Independent broker research
027Vol. IVJuly 10, 2026
Independent broker research

Long-term investing

Etoro Stop Loss Orders guide

A stop loss order is an instruction to close a position if the price reaches a level you set, with the aim of limiting further losses on that position. How stop losses work in practice depends on the broker's execution rules, the product type and market conditions. This page does not confirm Etoro's current stop loss features. It explains what long-term investors should check in Etoro's own platform and legal documents before depending on stop losses in their strategy.

Etoro Stop Loss Orders guide cover image

Confirm how stop losses apply to your products

Stop loss behavior can differ between real asset holdings and derivative products such as CFDs, and rules can differ by instrument, account type and region. Before you assume a stop loss is available or works a certain way, open a position ticket in your Etoro account and read the on-screen options, then compare them against the broker's published order execution policy and help documentation. Pay attention to whether stops are mandatory, optional or adjustable for the products you use, and whether any default levels are applied when you open a position.

  • Check whether stop losses are available on the specific instruments and product types you hold.
  • Verify whether any default stop level is applied automatically and how to change it.
  • Read the order execution policy for how stop orders are triggered and filled.
  • Confirm whether rules differ between real assets and leveraged or CFD positions.

Understand triggers, gaps and slippage

A stop loss sets a trigger level, not a guaranteed exit price. In fast markets or when prices gap between sessions, a position can be closed at a worse price than the stop level. Some brokers offer guaranteed stop variants for certain products, sometimes at extra cost, but you should not assume this exists until you see it in the broker's current documents. Long-term investors should also check what happens to stops during corporate actions, market closures or platform maintenance windows.

  • A triggered stop closes at the next available price, which can be worse than the stop level after a gap.
  • Verify in current documents whether any guaranteed stop option exists and what it costs, rather than assuming it.
  • Ask how stops behave around dividends, splits and other corporate actions.
  • Test order placement with a small position first if you are unsure how the platform handles it.

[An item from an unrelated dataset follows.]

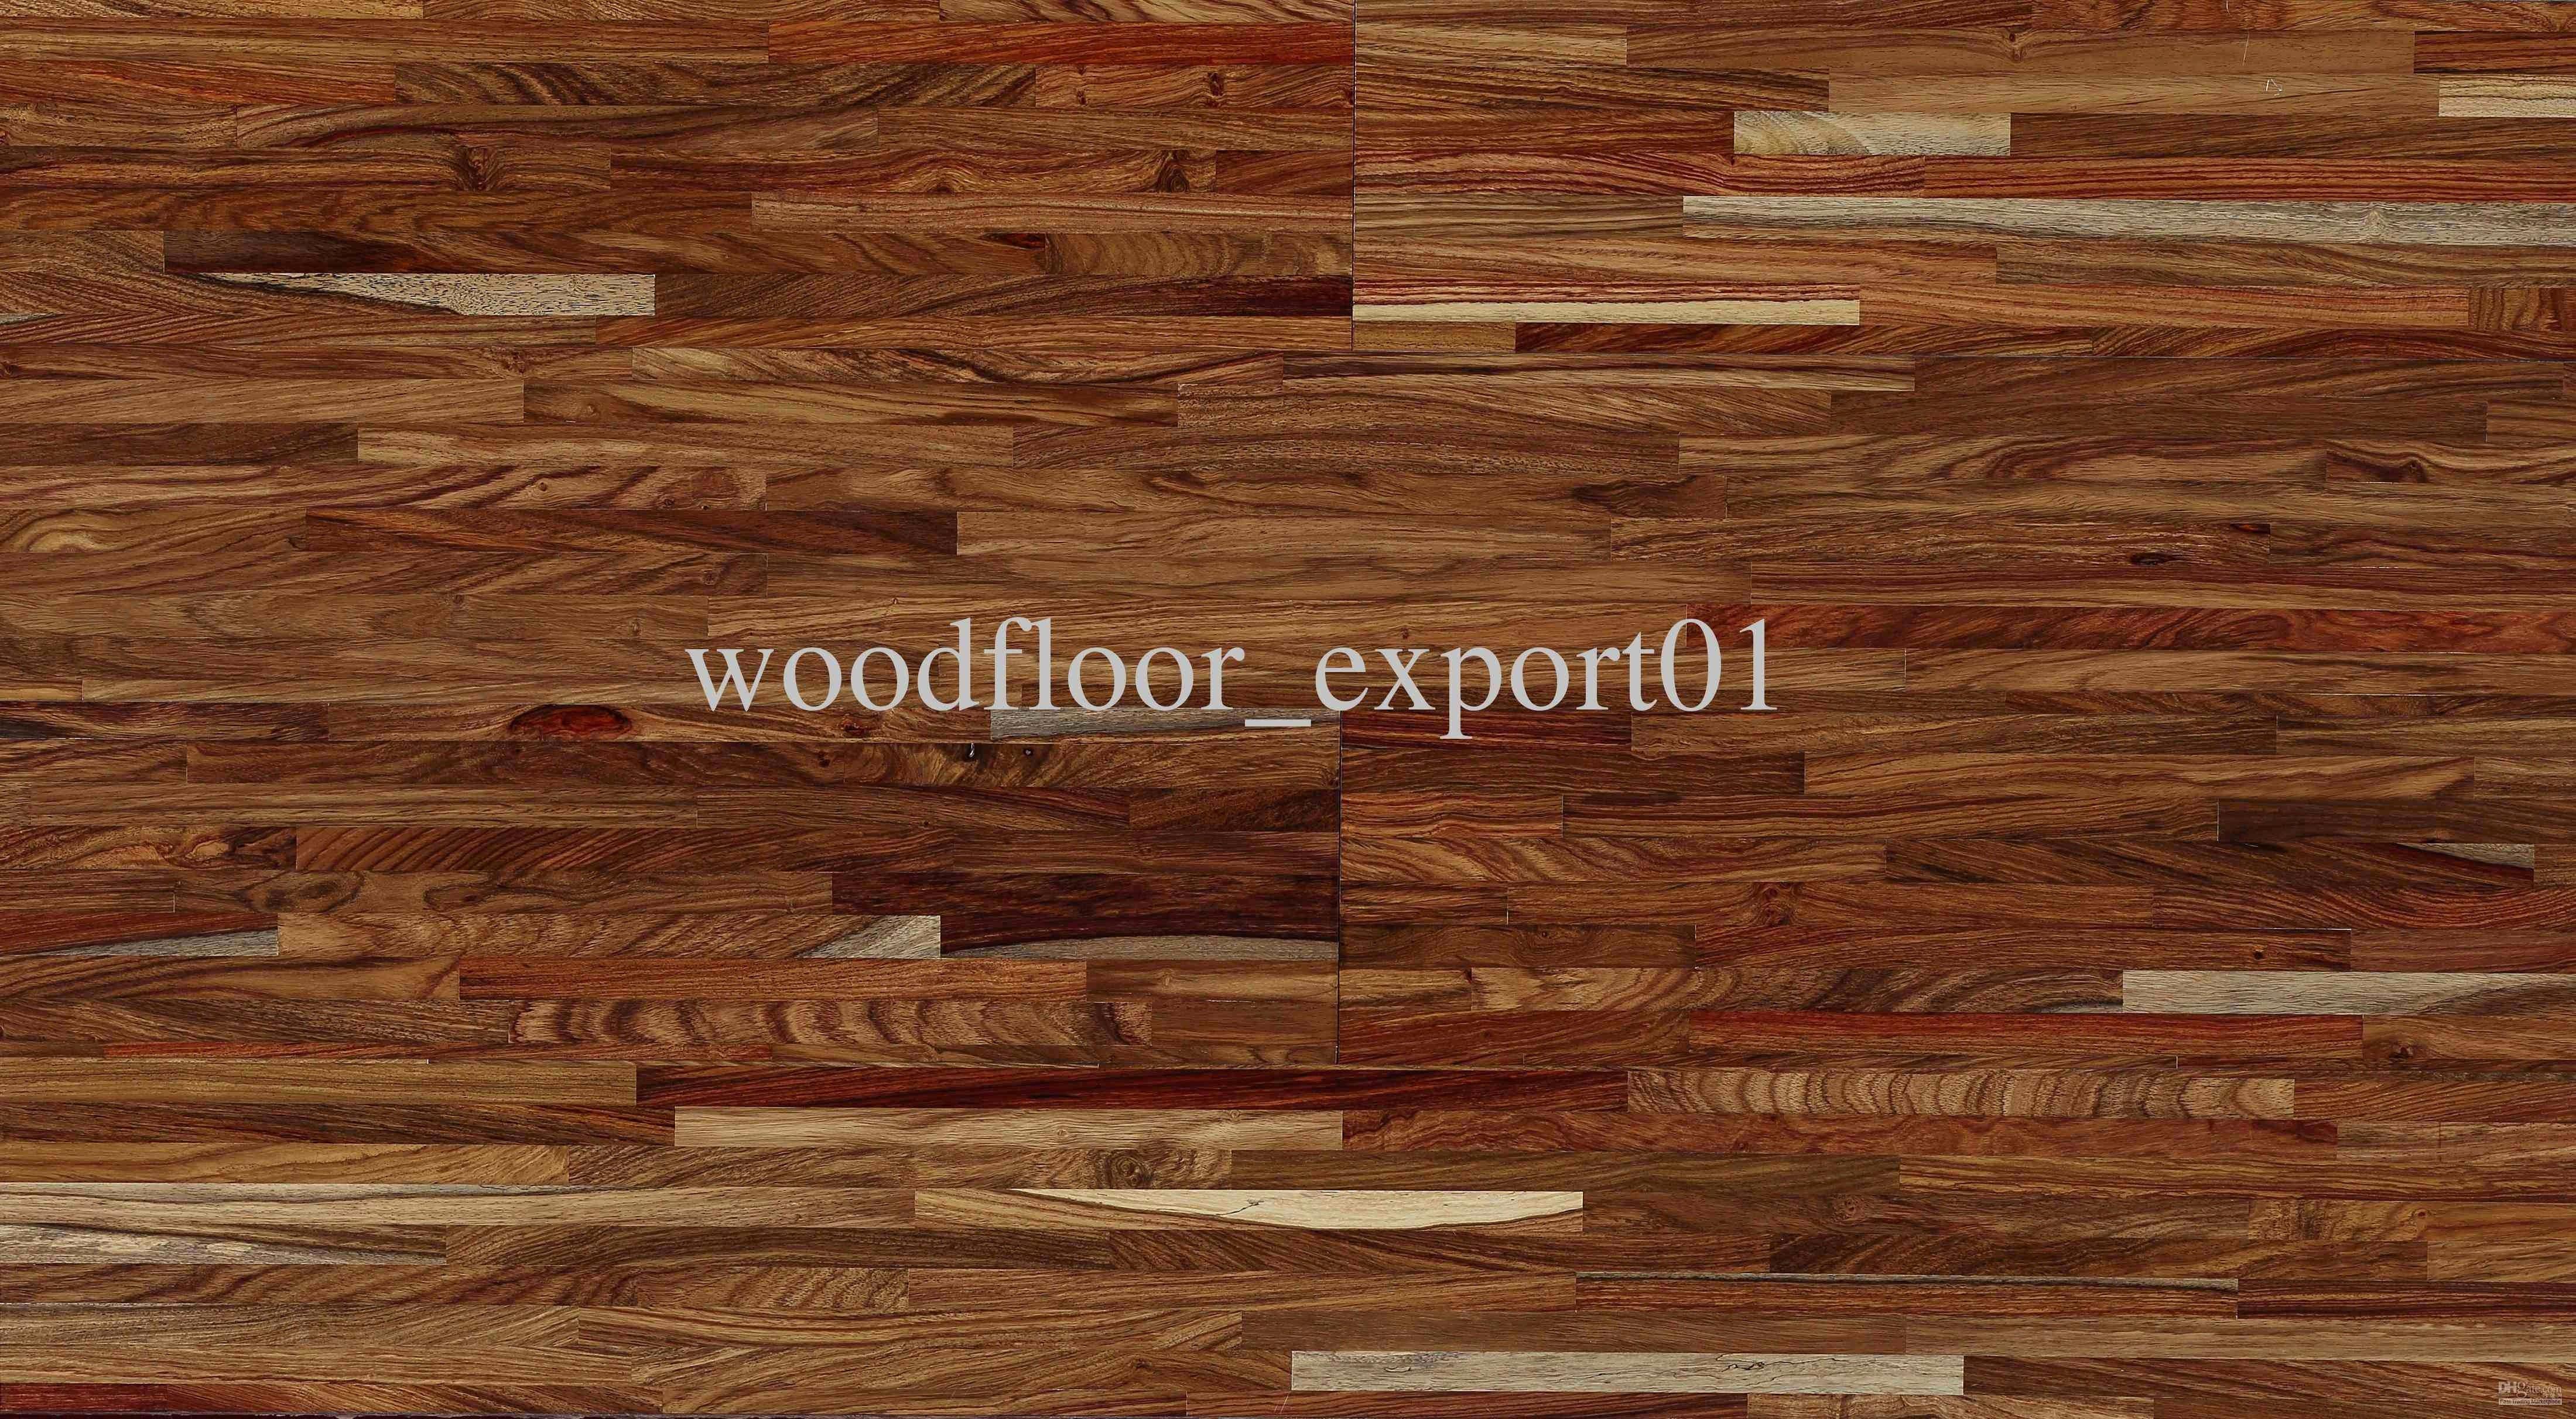 ash hardwood flooring reviews of 19 luxury hardwood refinishing stock dizpos com with regard to hardwood refinishing awesome 50 new restaining hardwood floors 50 s photos of 19 luxury hardwood refinishing

Deciding whether stops fit a long-term approach

Stop losses are a risk management tool, not a substitute for position sizing and diversification. For long-term holdings, a tight stop can convert ordinary volatility into a realized loss, while a very wide stop may offer little protection. Decide in writing what a stop is meant to achieve for each position, and review levels on a schedule rather than reacting to headlines. For related guides, see the Long-term investing hub (/invest-long-term). If you are comparing brokers on order features, apply the checklist at Find my broker (/find-my-broker), and use the Brokerage fee calculator (/tools/brokerage-fee-calculator) to estimate the cost of exits and re-entries, since frequent stop-outs add trading costs.

  • Match stop distance to your holding period and the instrument's normal volatility.
  • Document the purpose of each stop so you can review it against your plan.
  • Account for the trading costs of being stopped out and re-entering positions.

Continue researching

Open related InvestorTrip pages before treating this topic as a final decision.

FAQ

Does a stop loss guarantee my maximum loss?

Not by default. A standard stop loss triggers a market exit when the level is reached, so gaps and fast moves can produce a worse fill than the stop price. Any guaranteed variant, if offered, must be confirmed in the broker's current documents along with its conditions and costs.

How do I check Etoro's current stop loss rules?

Open a position ticket in your own account to see the available options, then read Etoro's order execution policy, terms and help pages. Rules can vary by product type, account and region, so verify against your specific setup rather than third-party summaries.

Should long-term investors always use stop losses?

Not necessarily. Stops suit some strategies and instruments better than others. For long holding periods, position sizing and diversification often matter more, and tight stops can force sales during normal volatility. Decide based on your written plan and risk tolerance.